Moreover, Greece has a strong interest in resolving this dispute because two of its citizens were killed in its coastal waters. The United Kingdom also has a strong interest in resolving this dispute because two of its citizens were killed and one was injured, the vessel responsible for their deaths flies the British flag, and the owner of the vessel is a U.K. corporation. Countries have a strong interest in protecting their citizens and in regulating their citizens so that they do not injure others. This demonstrates that the United States has no interest in resolving this dispute, while both the U.K. and Greece have strong interests.
Plaintiffs attempt to minimize these interests by arguing that although three of the injured or killed sailors were British, they lived aboard the vessel full-time, so the U.K. does not have a strong interest in their welfare. Similarly, the Greek decedents were dual citizens of Greece and Germany and resided much of the time in Germany, so plaintiffs contend that Greece does not have a strong interest in their welfare. These arguments are unpersuasive.
The Ninth Circuit has affirmed dismissals for forum non conveniens under similar circumstances. In Villar v. Crowley Maritime Corp, 782 F.2d 1478, 1483 (9th Cir. 1986), a Jones Act suit by family members of a Philippine sailor who drowned in Saudi Arabian waters while working on a Philippines-flagged ship owned by Americans was dismissed for forum non conveniens. The Court stated:
We also agree with the district court's conclusion that the Philippines has a powerful interest in deciding the controversy because of its strong contacts with both the decedent and the [vessel], and that American jurors and court personnel have little interest in this controversy. The district court concluded that the public interest factors point to a Philippine forum.
Id. Similarly, in Sigalas v. Lido Maritime, Inc., 776 F.2d 1512 (11th Cir. 1985), the court ruled that the Jones Act claim by the wife of a Greek sailor on a Greek-flagged ship owned by a Liberian corporation whose principal place of business was in Greece was properly dismissed for forum non conveniens. The Court stated that plaintiff "represents the archetypal foreign plaintiff bringing her foreign claim to American courts to secure relief more generous than she would get under the law of her homeland." Id. at 1520.
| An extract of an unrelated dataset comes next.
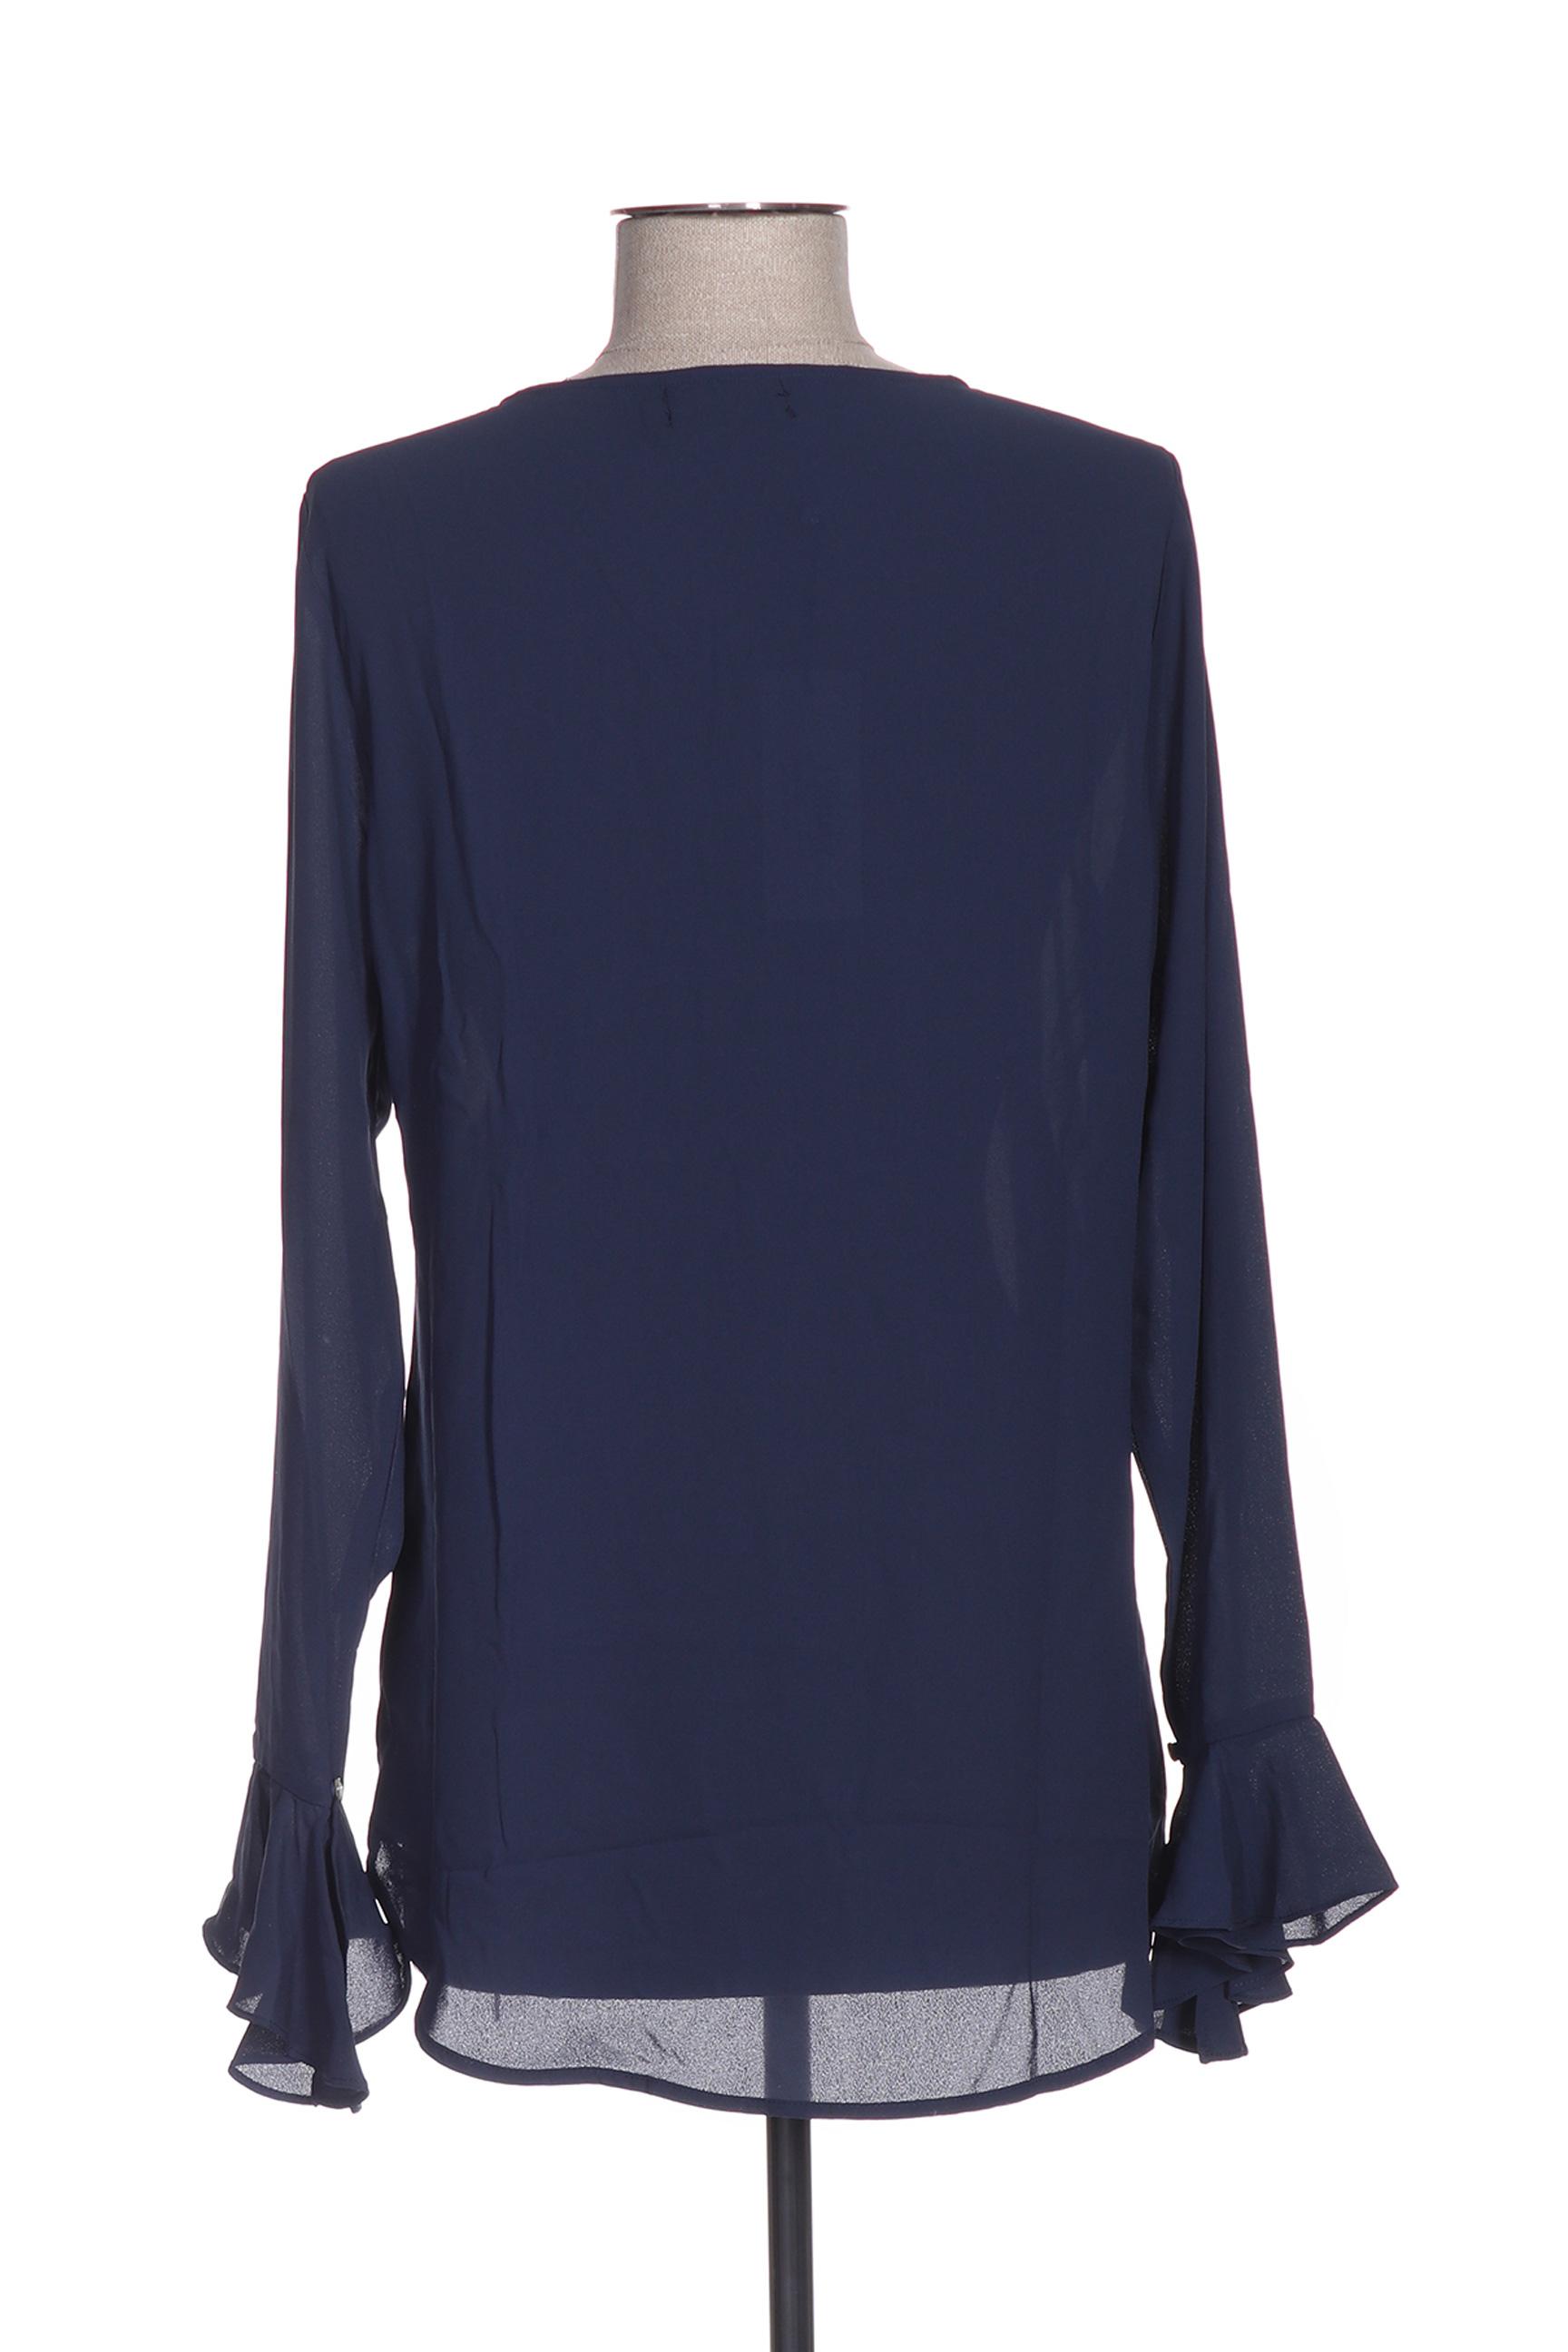 Molly Bracken Blouses Femme De Couleur Bleu En Soldes Pas Cher 1426951-bleu00

Boston Whaler cites the Supreme Court's seminal forum non conveniens decision of Piper Aircraft v. Reyno, 454 U.S. 235, 70 L. Ed. 2d 419, 102 S. Ct. 252 (1981), in support of its motion to dismiss for forum non conveniens. In Piper, a plane owned by a Scottish company crashed in Scotland, killing Scottish and English citizens. The Court explained that the benefits of retaining the action in the U.S. where the manufacturer of the airplane resides were insignificant compared to the enormous burden the foreign dispute would place on the U.S. court system. Piper, 454 U.S. at 260-61. "The American interest in this accident is simply not sufficient to justify the enormous commitment of judicial time and resources that would inevitably be required if the case were to be tried here." Id.
Finally, in Ioannides v. Marika Maritime Corp., 928 F. Supp. 374, 380 (S.D.N.Y. 1996), the Court stated:
There is a final public interest consideration that bears more than passing mention. This is a case brought on behalf of a Greek seaman who shipped aboard a Liberian vessel crewed by a Greek company which, wherever its ownership lay, was engaged exclusively in carrying cargos to and from non-U.S. ports. There are fora and remedies available to plaintiffs under the laws of their country of domicile. . . . There seems little justification for opening the courts of the United States -- which are paid for by U.S. taxpayers and whose juries are composed of U.S. citizens asked to drop their everyday activities to serve -- to claims in these circumstances, even if, as plaintiffs stoutly argue, the ultimate base of operations of the vessel in question was the United States.